From RHIC to EIC: Nuclear Structure Functions

TL;DR

This paper uses the Color Glass Condensate formalism to analyze nuclear structure functions at small x, providing estimates of nuclear shadowing effects relevant for future Electron-Ion Collider experiments.

Contribution

It applies a dipole cross section parameterization, previously successful at RHIC, to predict nuclear structure functions and shadowing effects at small x for EIC.

Findings

Quantitative estimates of nuclear shadowing of $F_2^A$

Predictions of gluon distribution modifications in nuclei

Application of CGC formalism to future collider kinematics

Abstract

We study the nuclear structure function $F_2^A$ and its logarithmic derivative in the high energy limit (small $x$ region) using the Color Glass Condensate formalism.
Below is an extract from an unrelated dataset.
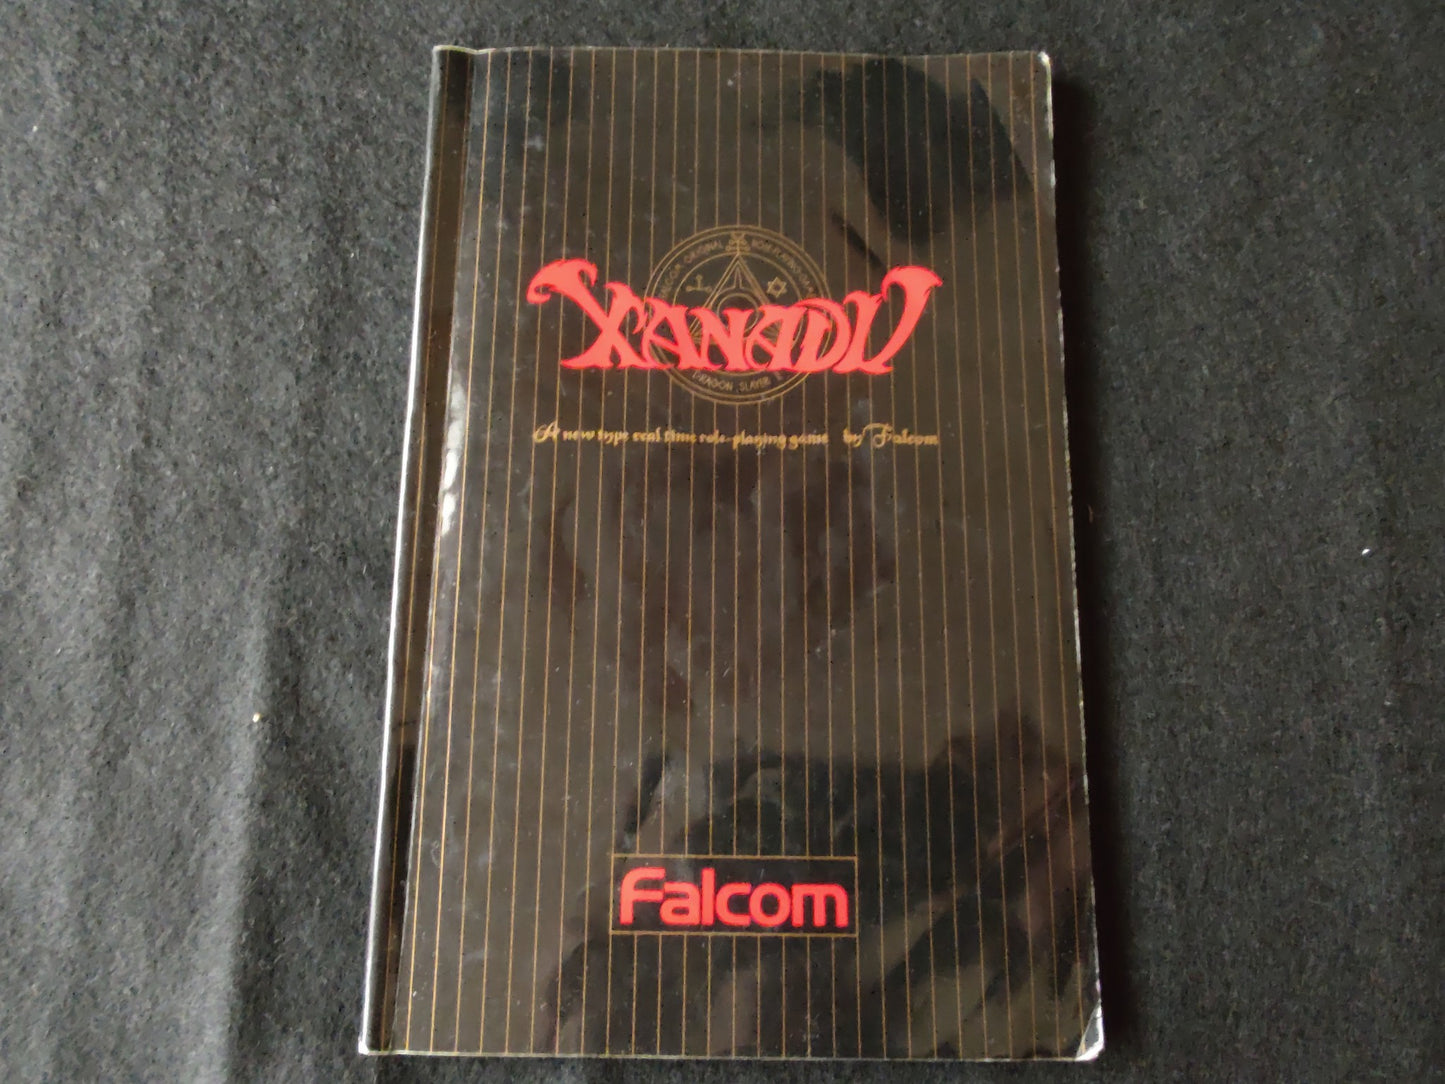 Xanadu Nihon Falcom MSX MSX2 Game Cartridge, Manual, Box set tested-f0113-
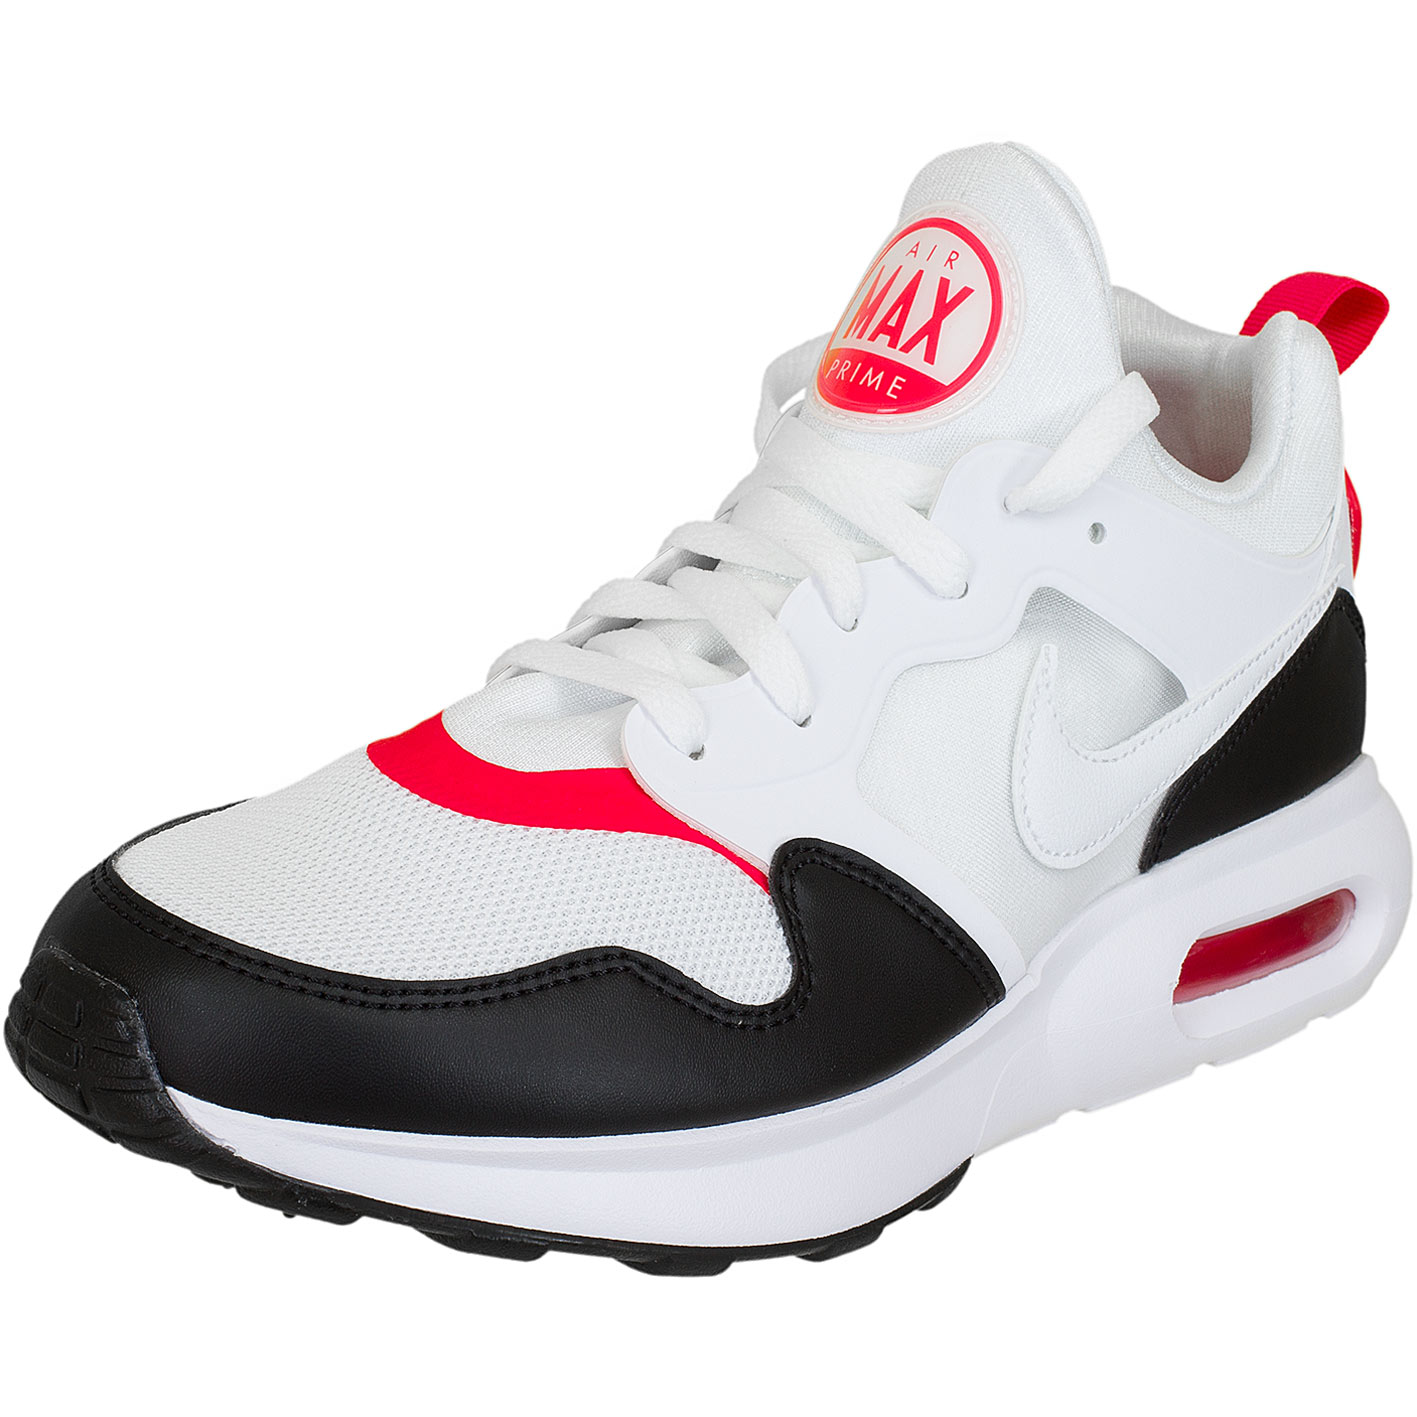 ☆ Nike Sneaker Air Max Prime weiß/schwarz - hier bestellen!

In this limit the structure function $F_2$ depends on the quark anti-quark dipole-target scattering cross section $N_F (x_{bj}, r_t, b_t)$. The same dipole cross section appears in single hadron and hadron-photon production cross sections in the forward rapidity region in deuteron (proton)-nucleus collisions at high energy, i.e. at RHIC and LHC. We use a parameterization of the dipole cross section, which has successfully been used to describe the deuteron-gold data at RHIC, to compute the nuclear structure function $F_2^A$ and its log $Q^2$ derivative (which is related to gluon distribution function in the double log limit). We provide a quantitative estimate of the nuclear shadowing of $F_2^A$ and the gluon distribution function in the kinematic region relevant to a future Electron-Ion Collider.